Trefwoorden Nederlands, Frans, schrift, basisonderwijs, didactiek, taalzuiverheid, taalbeheersing, voorlezen, spelling, zin- en woordleer, visie op taal en taalonderwijs.
Doelstellingen Een gedetailleerde lijst met doelstellingen is terug te vinden in de syllabi van de verschillende onderdelen.
Deel 1: Nederlands
- reflecteren over taalgebruik en belangrijke taalfouten verbeteren
- zich schriftelijk en mondeling correct uitdrukken en het belang inzien van correct taalgebruik in de basisschool
- inzicht verwerven in de uitspraakleer van het Nederlands
- kennis verwerven van de visie op taal en taalonderwijs zoals die geformuleerd staat in de leerplannen van GO! en OVSG
- expressief voorlezen aan lagereschoolkinderen
- inzicht verwerven in de dicactiek van het expressief lezen
- kennis maken met het kinder- en jeugdliteratuurlandschap
- een les Nederlands op video analyseren en kritisch bespreken
- inoefenen van volgende schrijfmethodes: Script, Schrijfdoor, Broeder-Schneider,
dit zowel op het blad als aan het bord
Deel 2: Frans
- eenvoudig maar foutloos Frans spreken
- een lesopbouw analyseren en didactische lijnen afleiden uit demonstratielessen
- uitleggen hoe met kinderen in eenvoudig Frans wordt omgegaan
- het belang van concrete vraagstelling en vakoverschrijdend werken uitleggen
- verschillende lesstrategieën herkennen en de waarde ervan inschatten
- een lesopbouw analyseren
- didactische lijnen afleiden uit demonstratielessen
Leerinhoud Deel 1: Nederlands
- taalbeheersing: theorie, oefeningen
- visie op taal en taalonderwijs: leerplannen GO! en OVSG
- uitspraakleer: de spraakorganen en klanken
- voorlezen en expressief lezen
- didactiek taalbeschouwing
- schrift (cursus kalligrafie): volgende schrijfmethodes: Script,
Schrijfdoor, Broeder-Schneider
Deel 2: Frans
- spreekvaardigheid en taalzuivering
- didactiek en methodiek
- basiswoordenschat
Begincompetenties Eindtermen secundair onderwijs.

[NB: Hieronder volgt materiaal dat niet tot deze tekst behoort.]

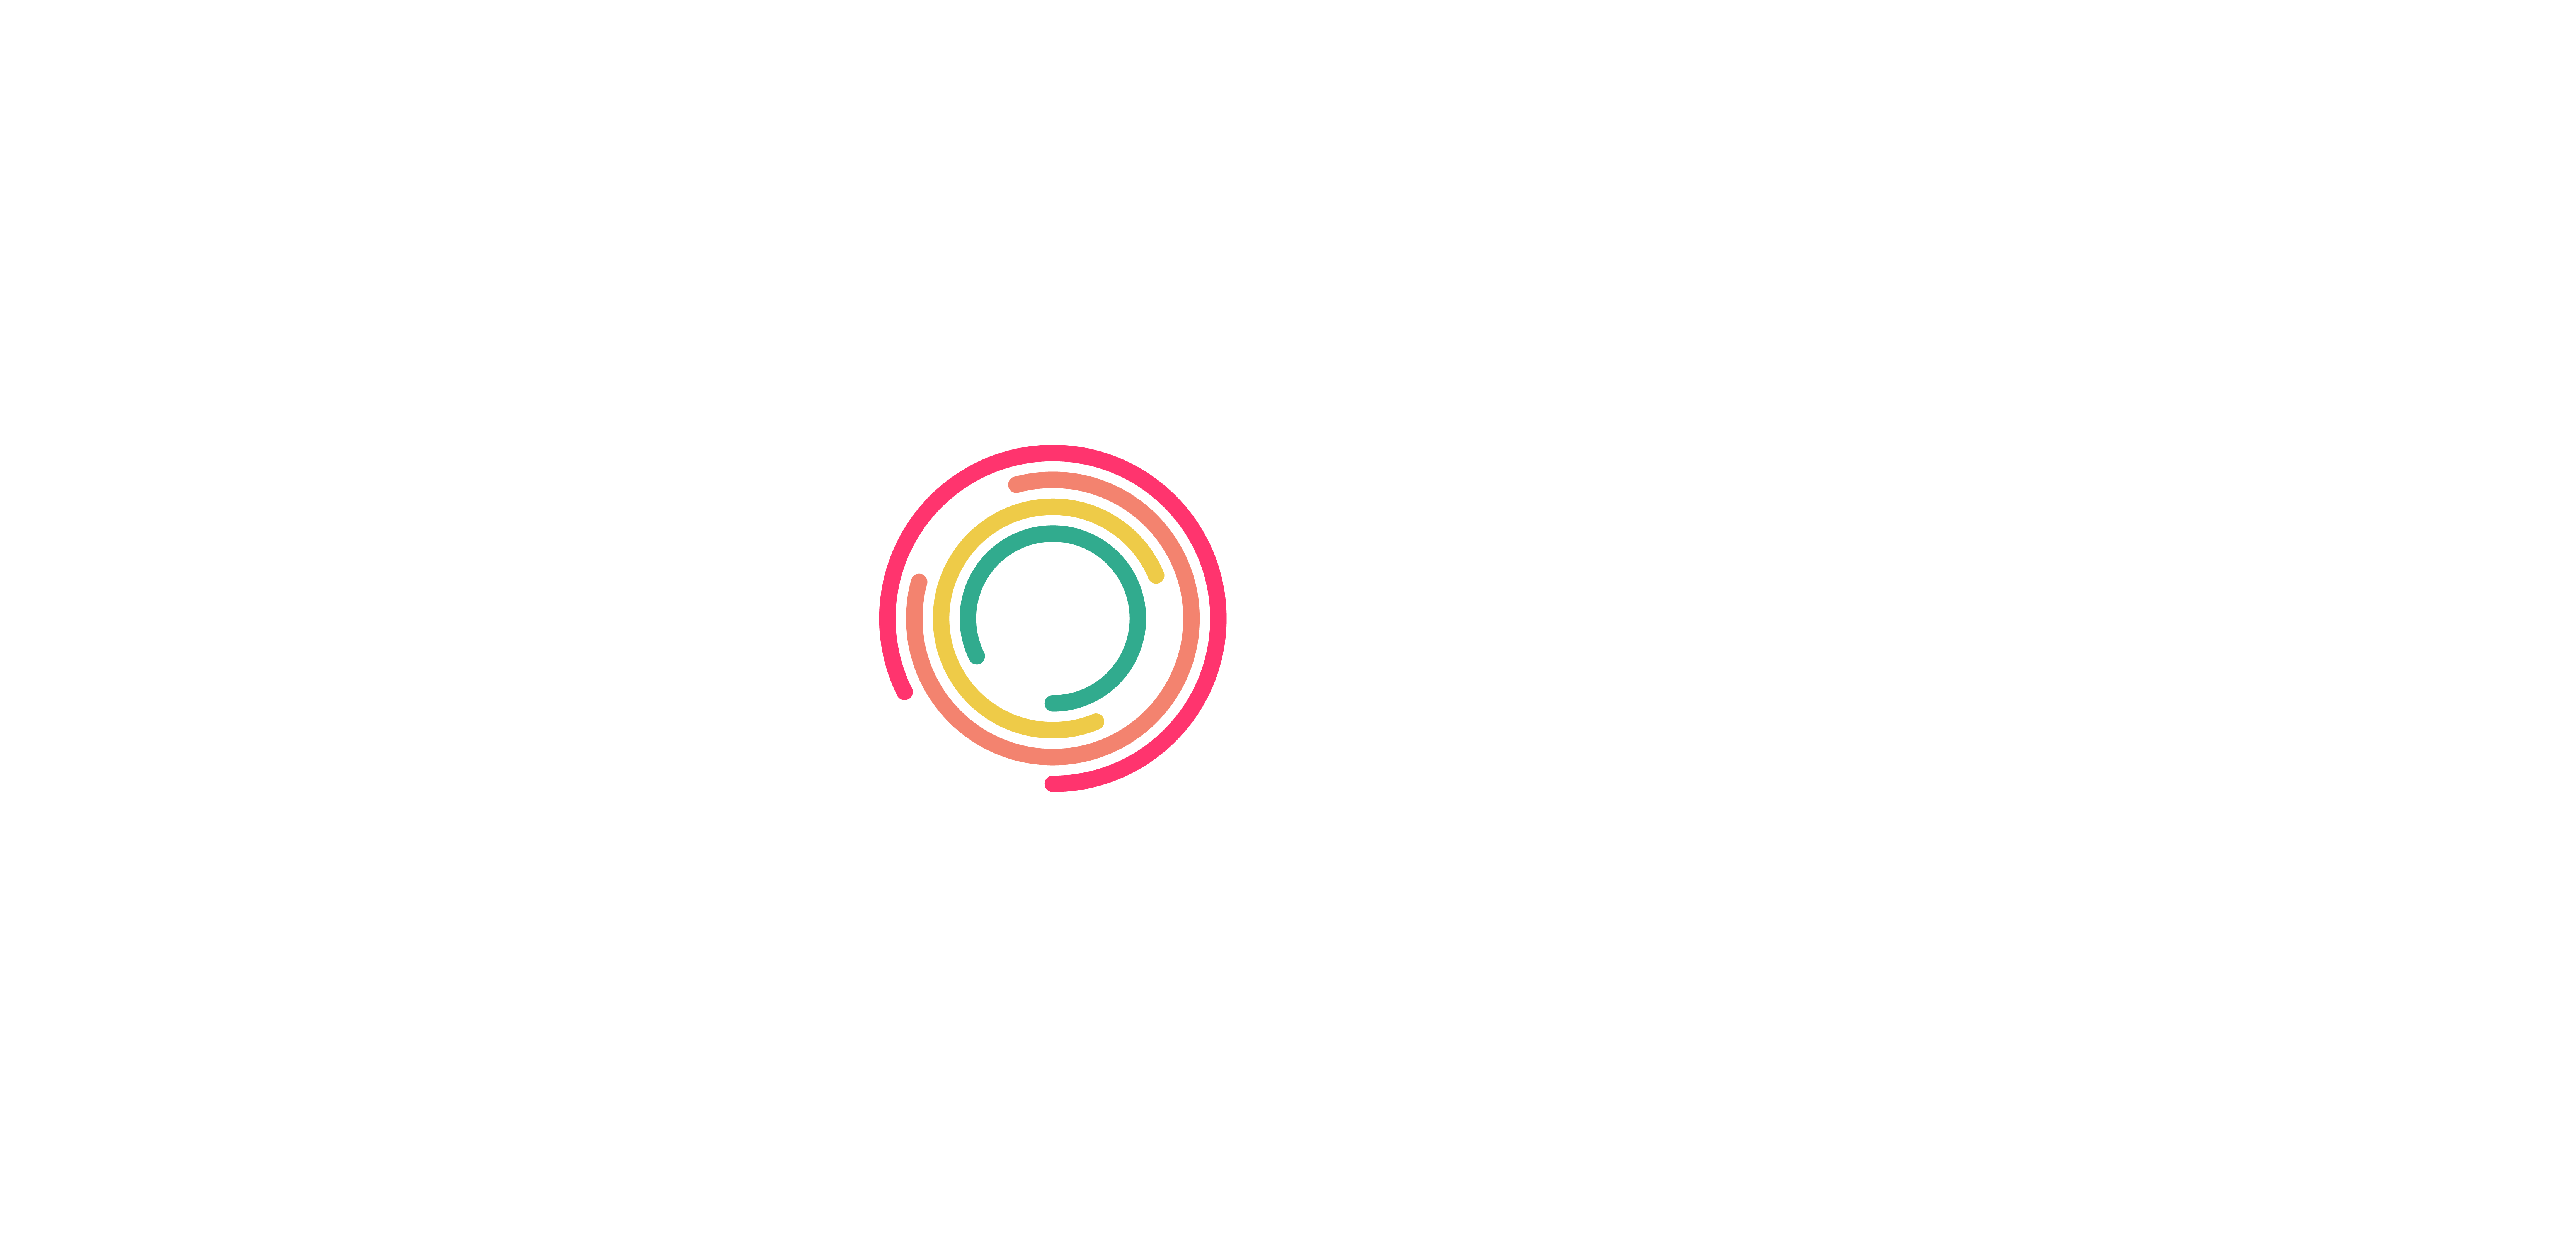 Durban – EO South Africa

Eindcompetenties De te bereiken eindcompetenties kunnen niet los worden gezien van de doelstellingen (zie hoger).
Verwijzend naar de decretaal vastgelegde basiscompetenties voor de ‘Bachelor in het onderwijs: lager onderwijs’, wordt voornamelijk gewerkt aan volgende basiscompetenties:
Deel 1: Nederlands
* FG1 – De leraar als begeleider van leer- en ontwikkelingsprocessen
- 1.2 Doelstellingen kunnen kiezen en formuleren (1.2.3)
- 1.3 Leerinhouden kunnen selecteren
- 1.4 Leerinhouden kunnen structureren en vertalen in opdrachten
- 1.5 Een aangepaste methodische aanpak en groeperingsvormen kunnen kiezen (1.5.1, 1.5.2)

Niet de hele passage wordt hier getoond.